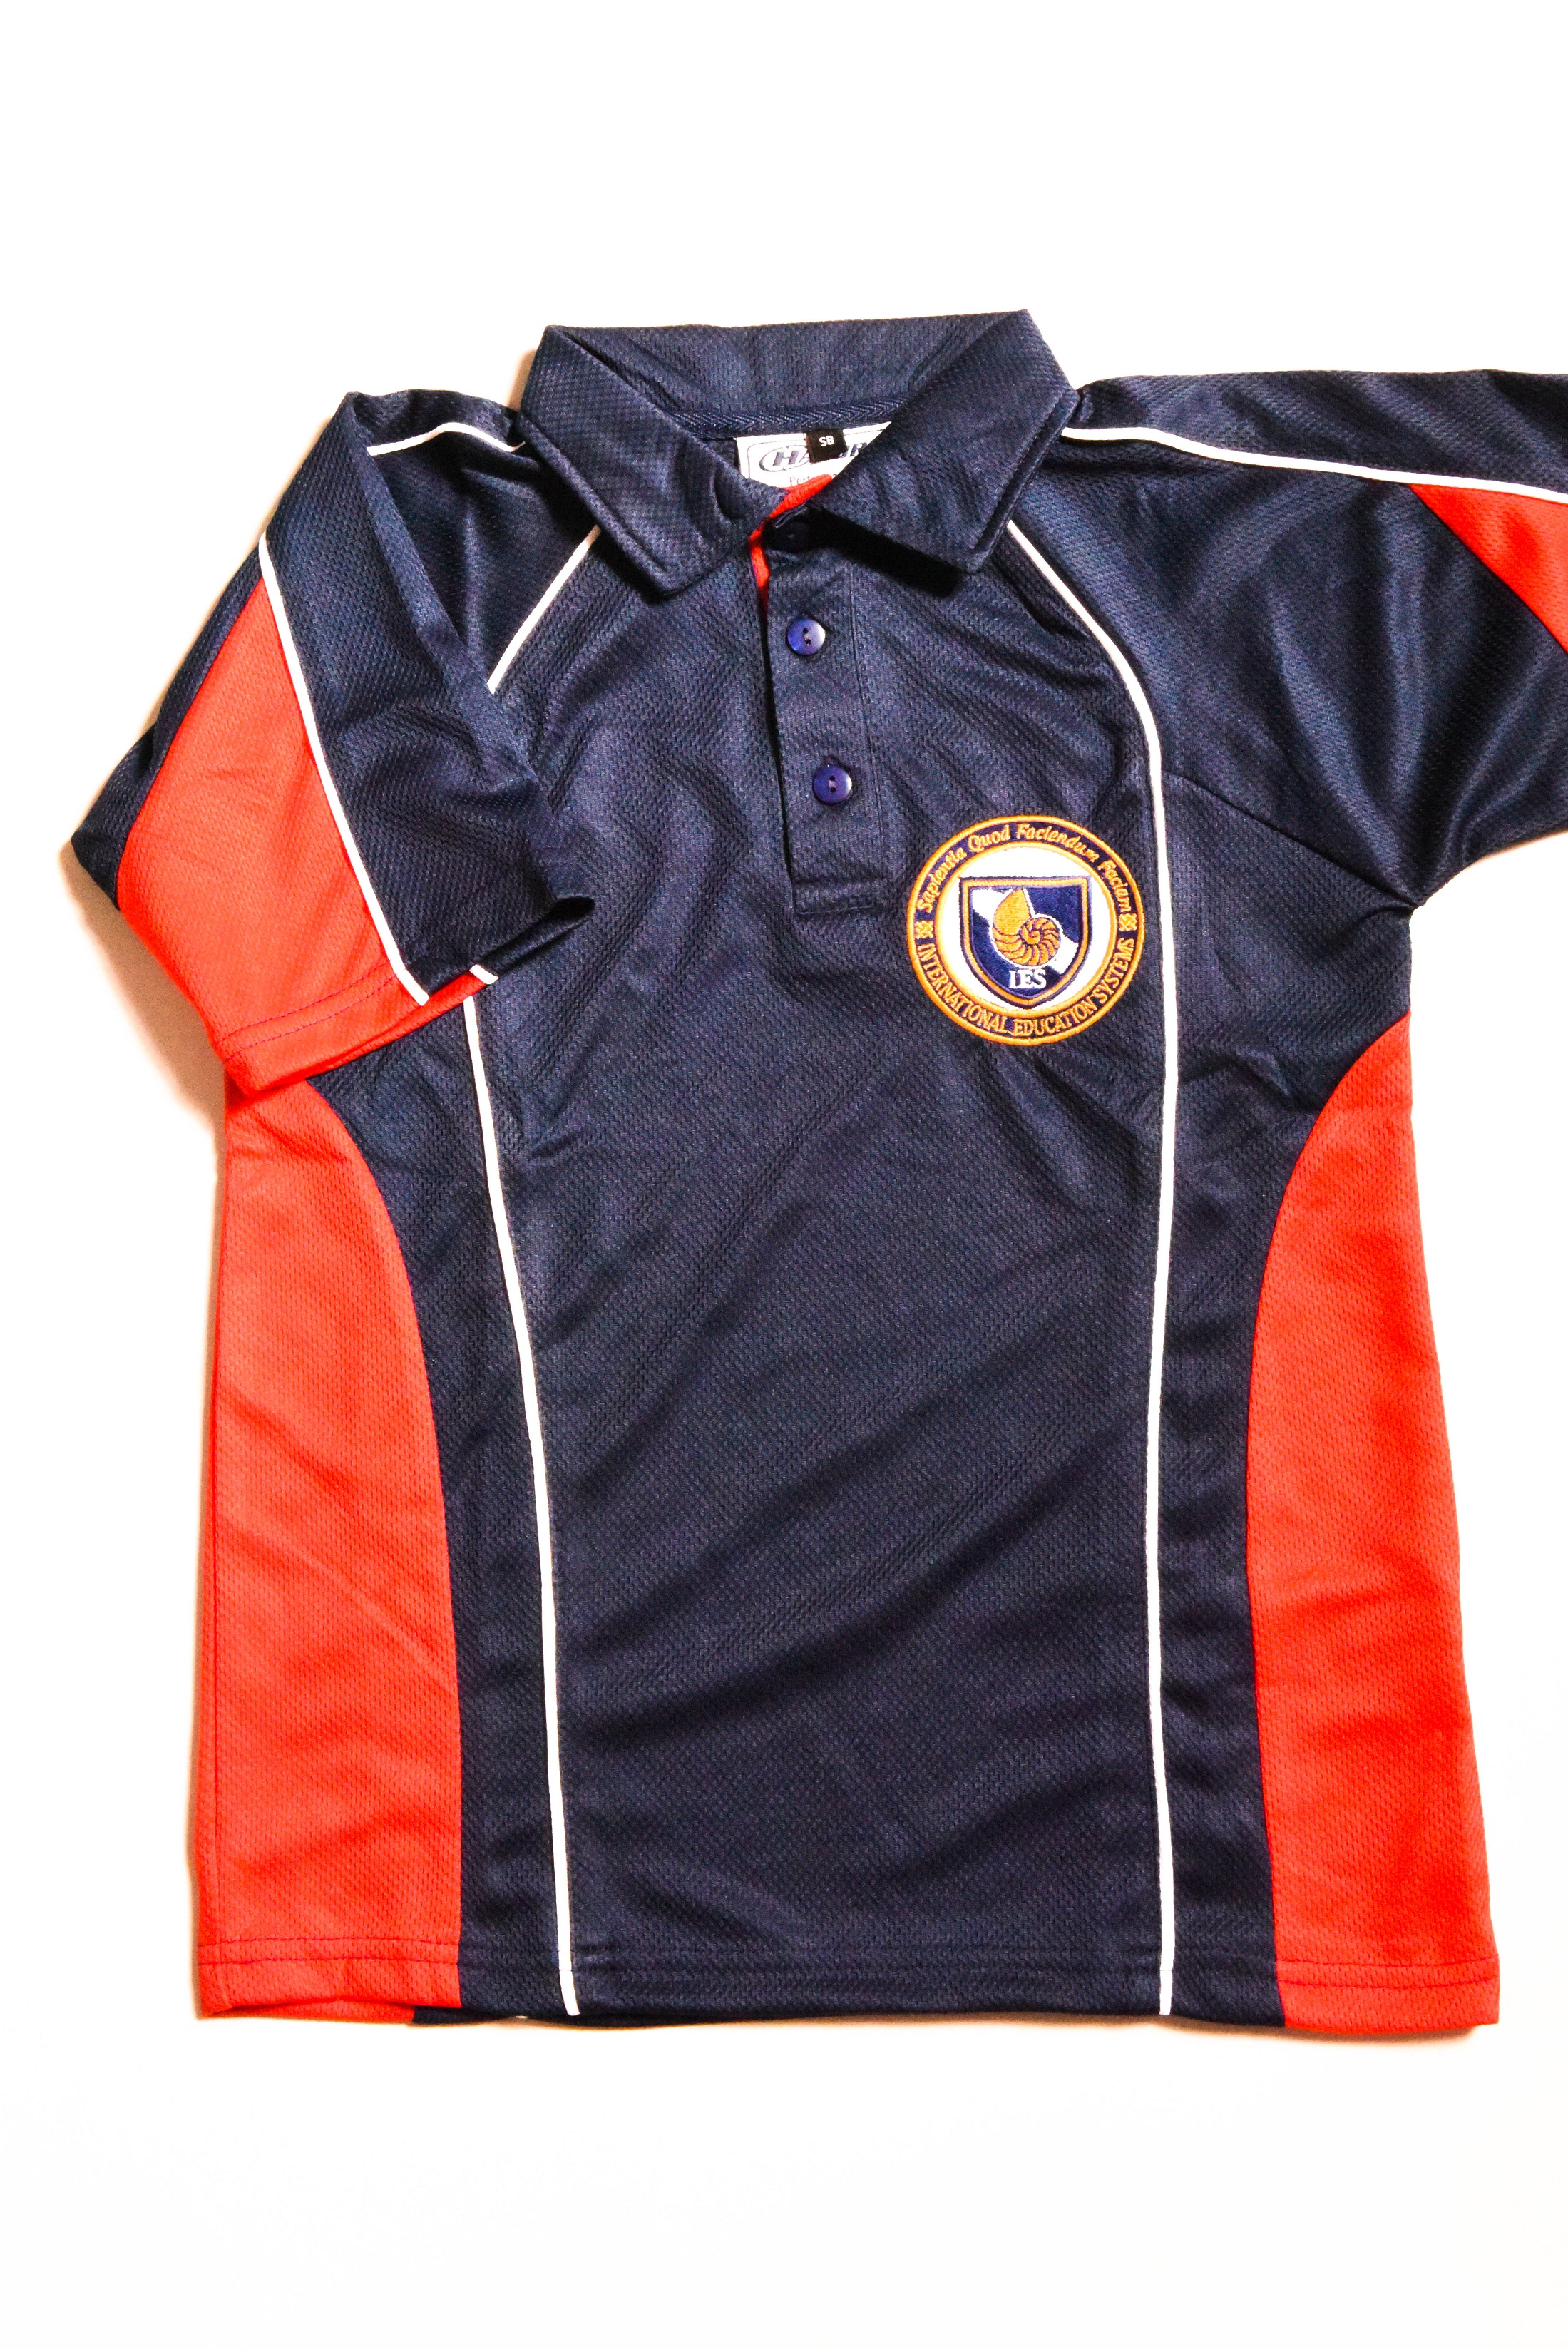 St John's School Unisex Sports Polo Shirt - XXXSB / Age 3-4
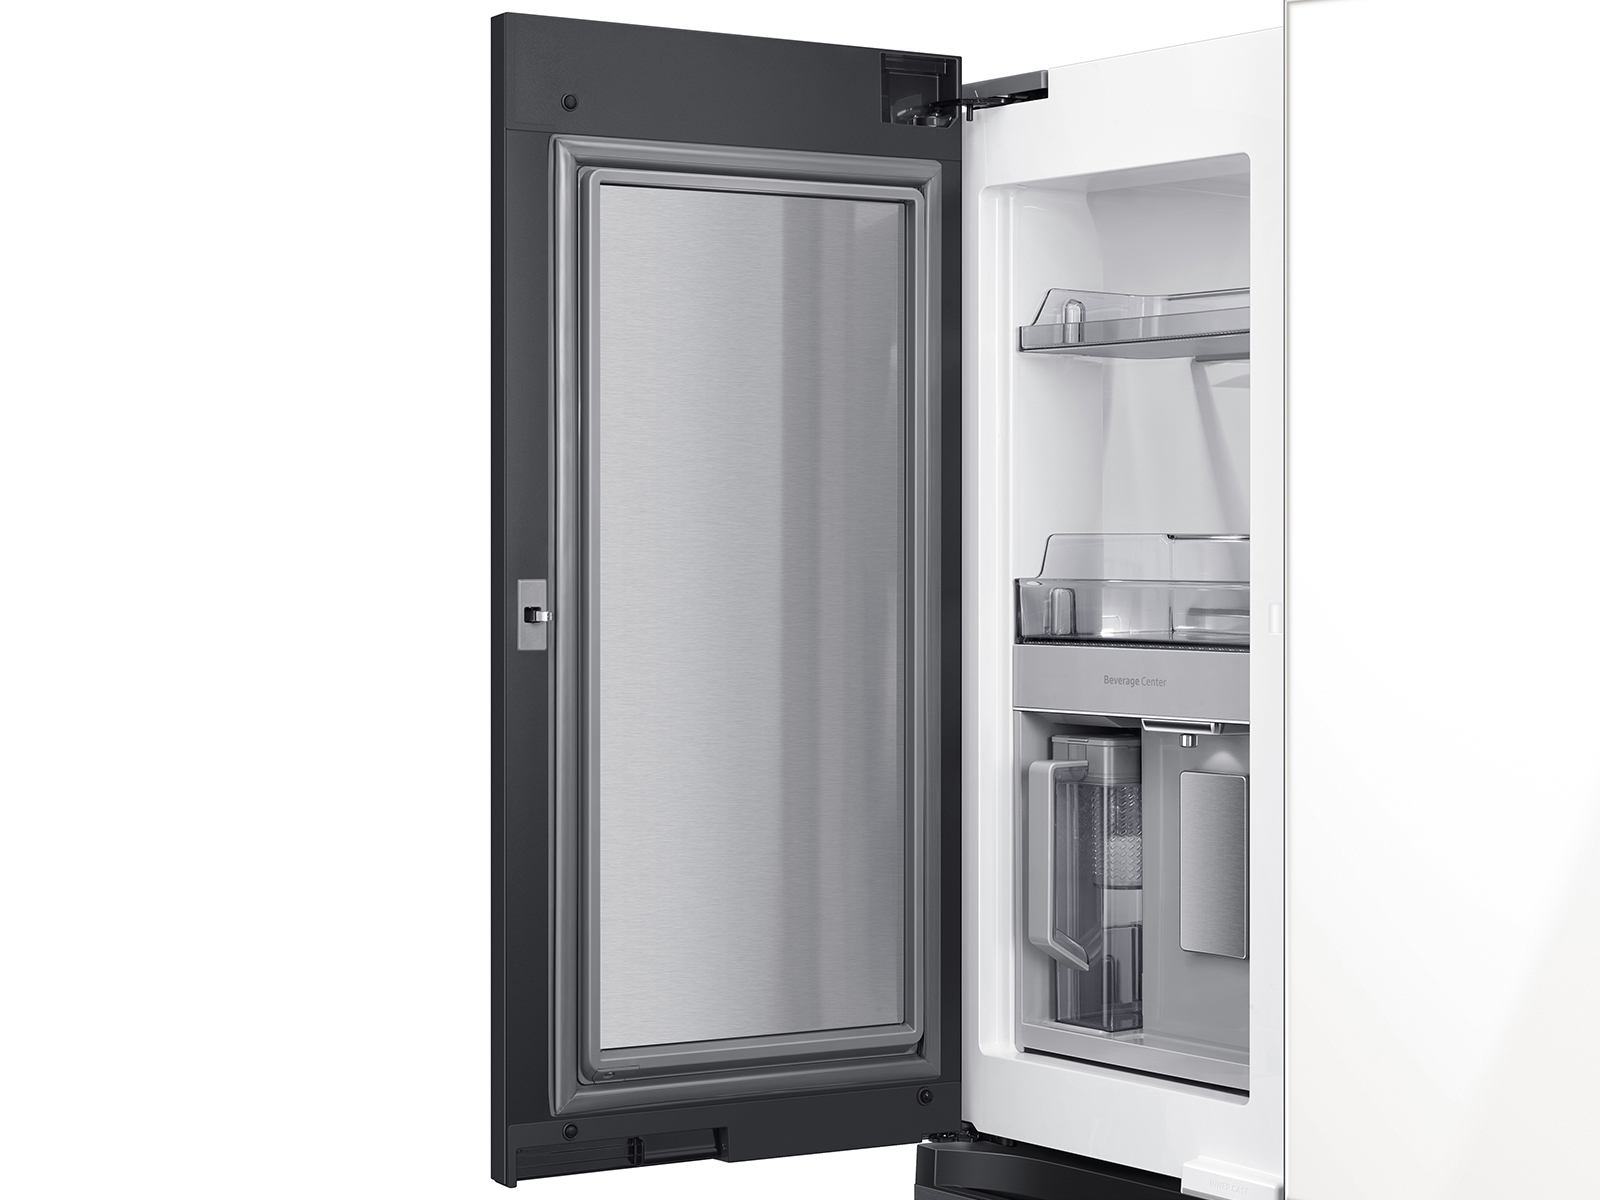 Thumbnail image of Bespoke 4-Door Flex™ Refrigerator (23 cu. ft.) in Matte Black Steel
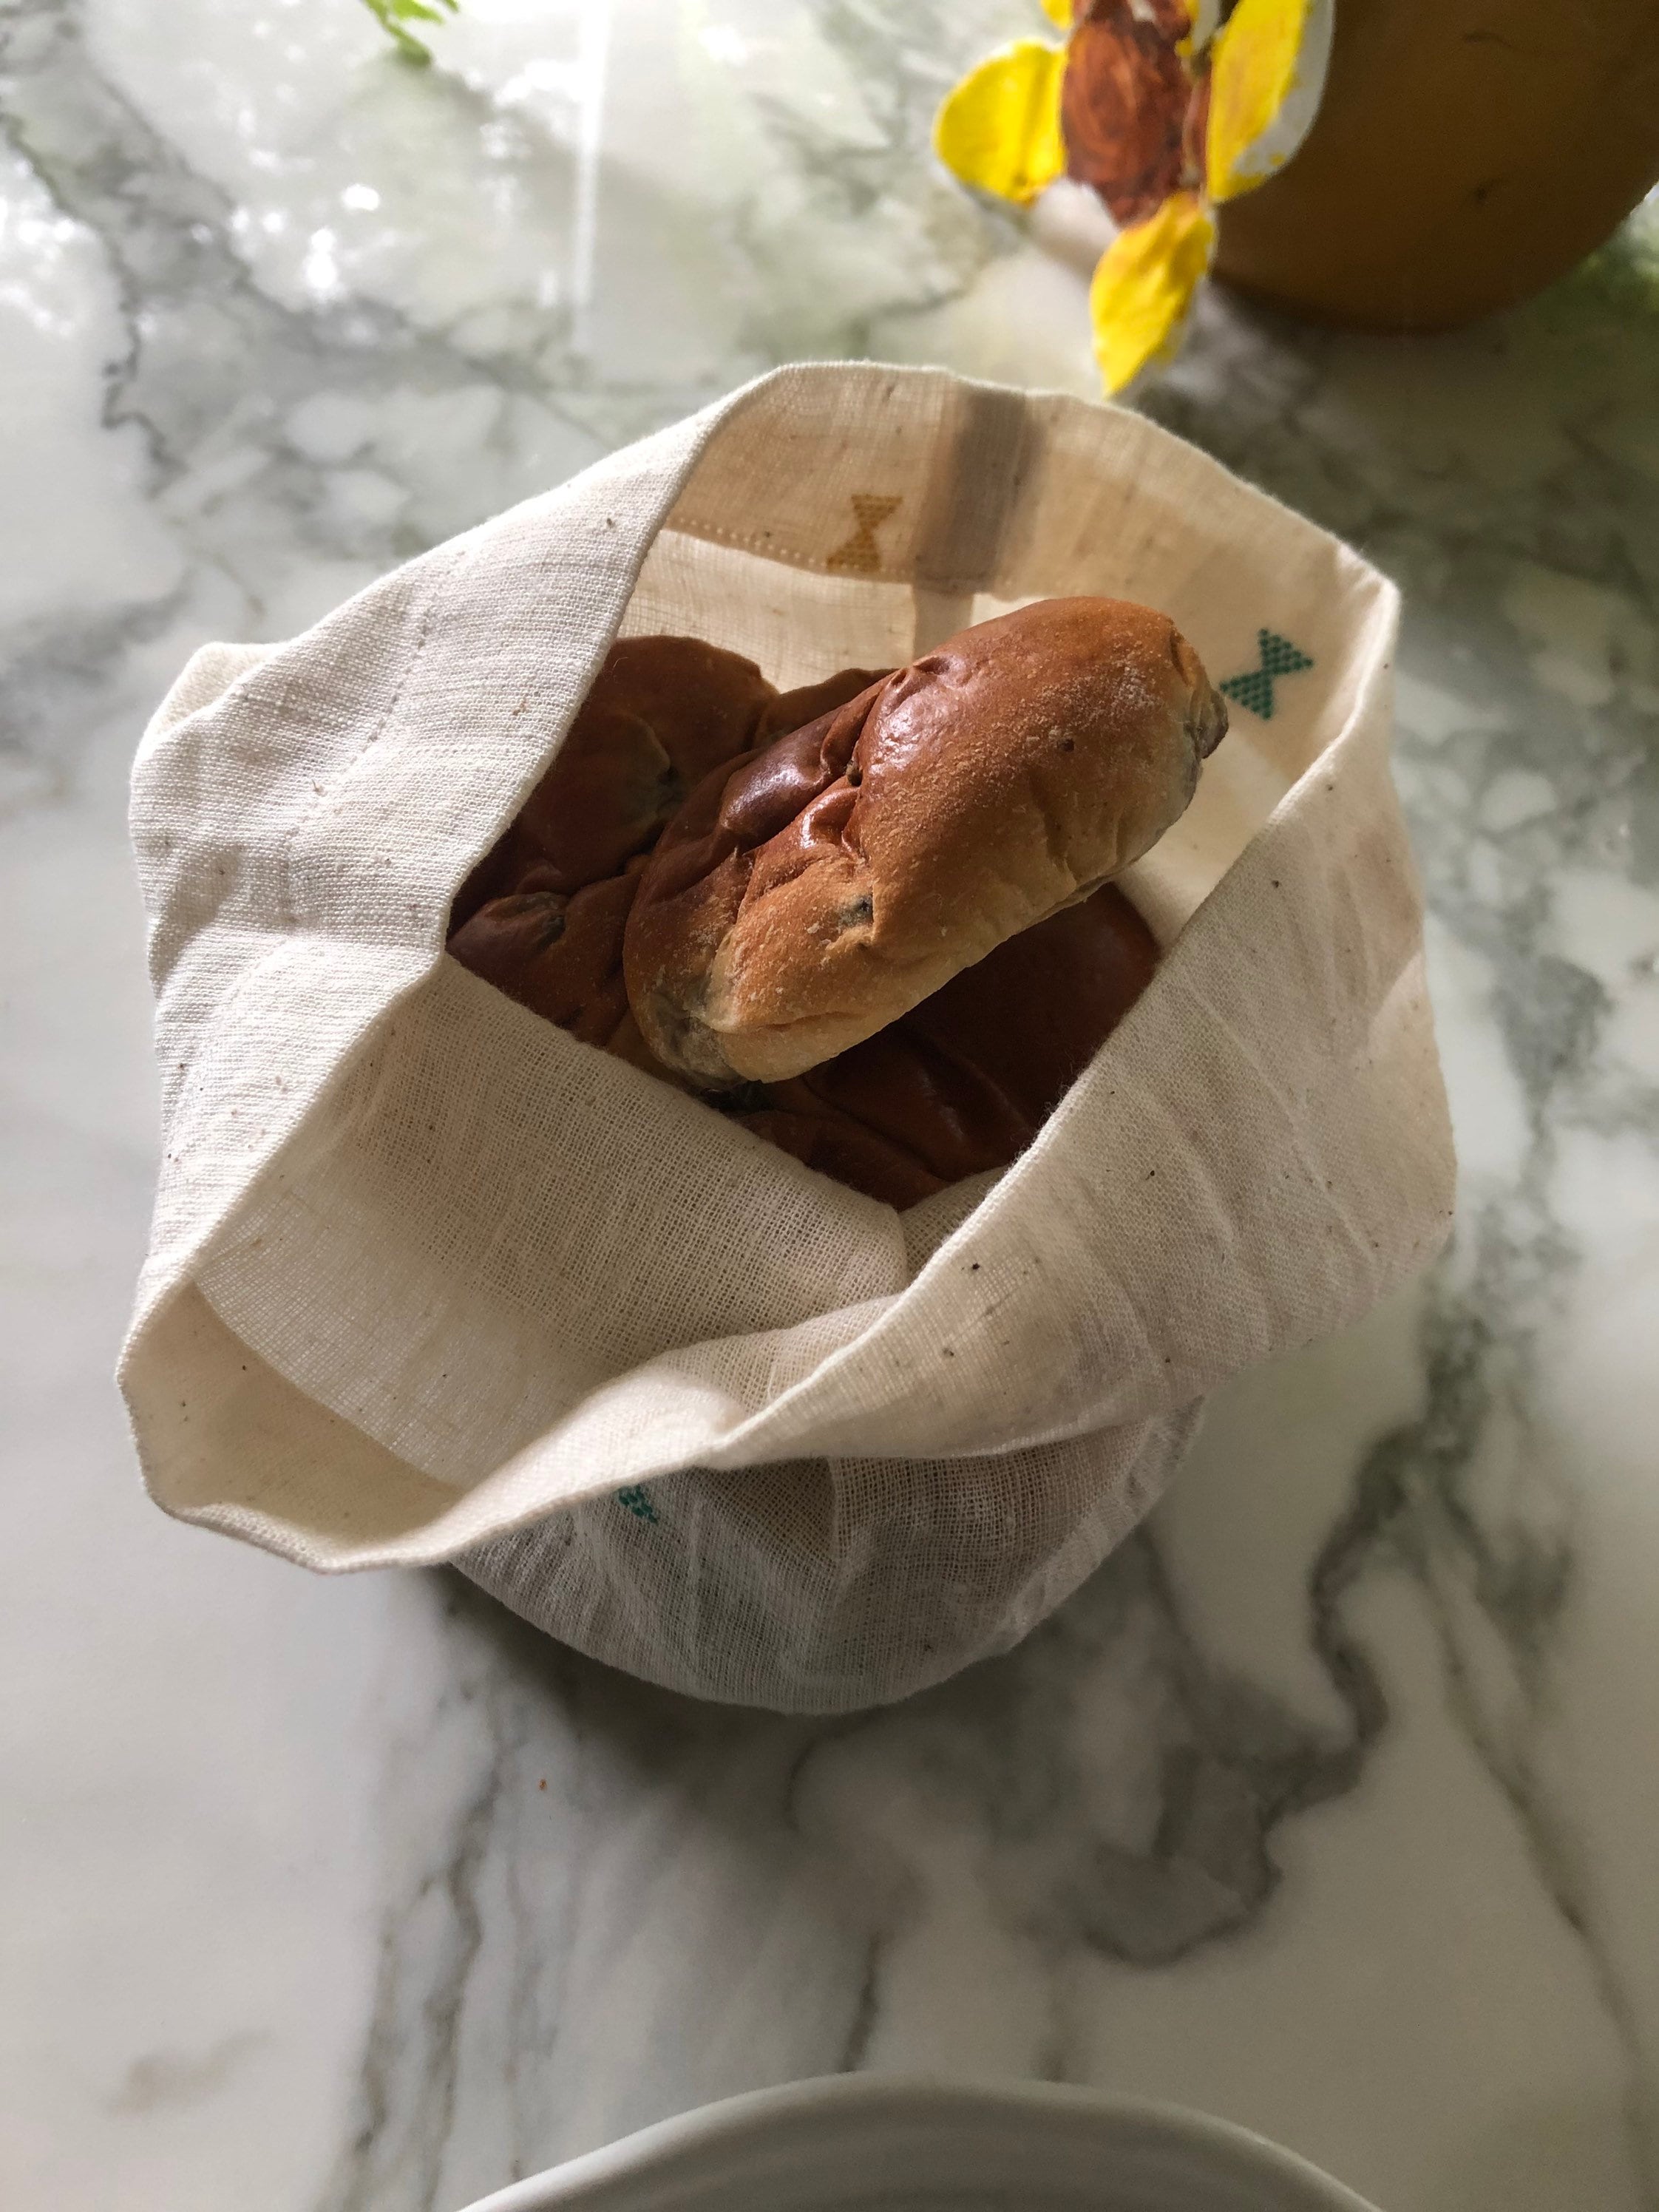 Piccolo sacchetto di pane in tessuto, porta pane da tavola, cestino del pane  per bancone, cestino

***

__EXERCISE AIM__.
Pictures do not belong in the copy. Reproduce the rest of the data exactly.

__EXERCISE RESULT__.
 St John's School Unisex Sports Polo Shirt - XXXSB / Age 3-4
 Thumbnail image of Bespoke 4-Door Flex™ Refrigerator (23 cu. ft.) in Matte Black Steel
 Piccolo sacchetto di pane in tessuto, porta pane da tavola, cestino del pane  per bancone, cestino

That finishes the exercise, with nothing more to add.